- Born: May 31, 1969 Sa'a, Cameroon
- Occupations: Poet, literary critic, editor, publisher
- Writing career
- Language: French
- Genres: Poetry, literary criticism

= Jean-Claude Awono =

Jean-Claude Awono is a Cameroonian poet, literary critic, editor, publisher, and educator. He is known for his numerous organisations of the ifrikiya events.

== Early life and education ==
Jean-Claude Awono was born on 31 May 1969 at Sa'a in Cameroun. He attended primary school in Ombessa before continuing his secondary education at CES Ombessa and Lycée de Bafia. After that, he pursued his studies in the university of Modern French Literature(LMF) in english language and civilisation in 1993. Then, he entered the Higher Teacher Training College of Yaoundé, from which he graduated as a teacher of language and literature, where he developed an early interest in literature, poetry, and cultural activities. In the mid-1990s, Jean-Claude Awono became part of a new wave of Cameroonian cultural figures working to reshape the country’s literary landscape. In 1996, he co-founded the association "La Ronde des poètes" in Yaoundé alongside several young writers, including Germain Djel and John Francis Shady Eoné, with the aim of promoting contemporary poetry and giving emerging authors a platform to express themselves. Under his leadership, the association organized literary cafés, poetry readings, and cultural activities in schools, while also launching the journal Le Rondin, dedicated to sharing and critically engaging with contemporary literary works. At the same time, he contributed to the cultural journal Patrimoine, joining its editorial board alongside a number of Cameroonian scholars and intellectuals.

== Career ==
Jean-Claude Awono became involved in independent publishing by creating La Ronde, a press focused on poetry collections and dramatic works. He also founded and directed Hiototi, a Cameroonian literary journal devoted to poetry, literature, and cultural criticism.At a time when Cameroon’s book industry was facing economic challenges, he helped establish Ifrikiya Editions in 2007, bringing together the publishing houses Proximité, Interlignes, and La Ronde. The goal was to pool resources—human, technical, and financial—in order to strengthen local publishing. On February 24, 2012, he was appointed director of Ifrikiya Editions, taking over from François Nkémé.

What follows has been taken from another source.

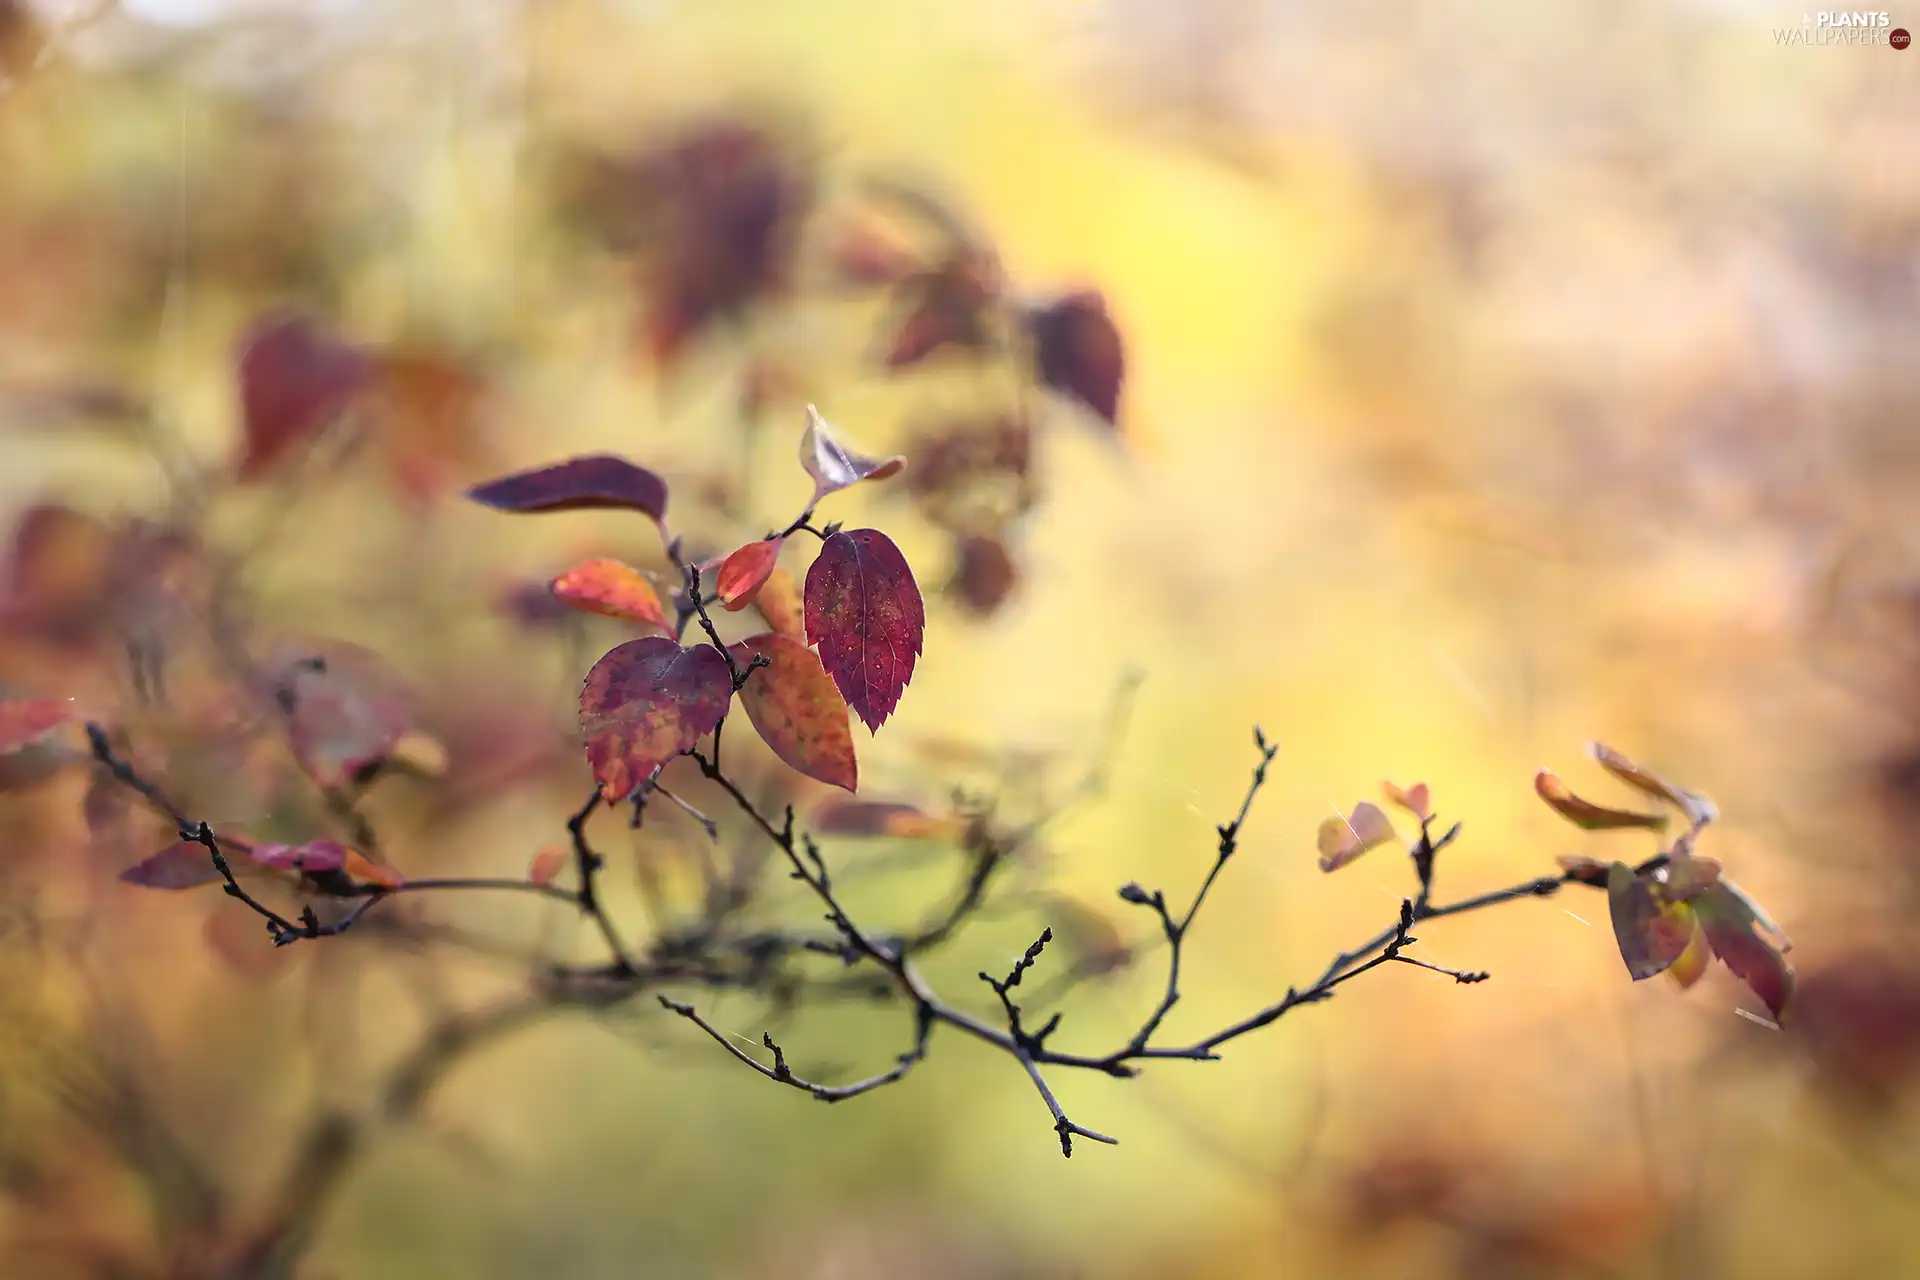 twig, Leaf, blurry background, Autumn

Under his leadership, the publishing house continued to promote contemporary African literature, support emerging writers, and expand the circulation of works from Cameroon and the wider African diaspora.

== Works ==
Within this association, several initiatives emerged under his guidance, including Hiototi, a Cameroonian journal dedicated to poetry, literature, and culture, the Cameroonian Observatory of Culture, the Francis Bebey Cultural Center, and the Seven Hills Poetry Festival of Yaoundé. A literary critic and columnist, he is currently the director of Ifrikiya Editions, established in 2007 through the merger of three small Cameroonian publishing houses.

He has taken part in poetry festivals across Africa, Europe, and China. In 2011, he was awarded the Bretagne-Réunie International Poetry Prize in France. His poems, many of which have appeared in international anthologies, have been translated into several languages, including Romanian, English, Breton, and others.

== Awards ==
In 2020, Awono received the Fernando D'Almeida International Poetry Prize, awarded to a Francophone African poet for contributions to poetry and literary mentorship in Africa.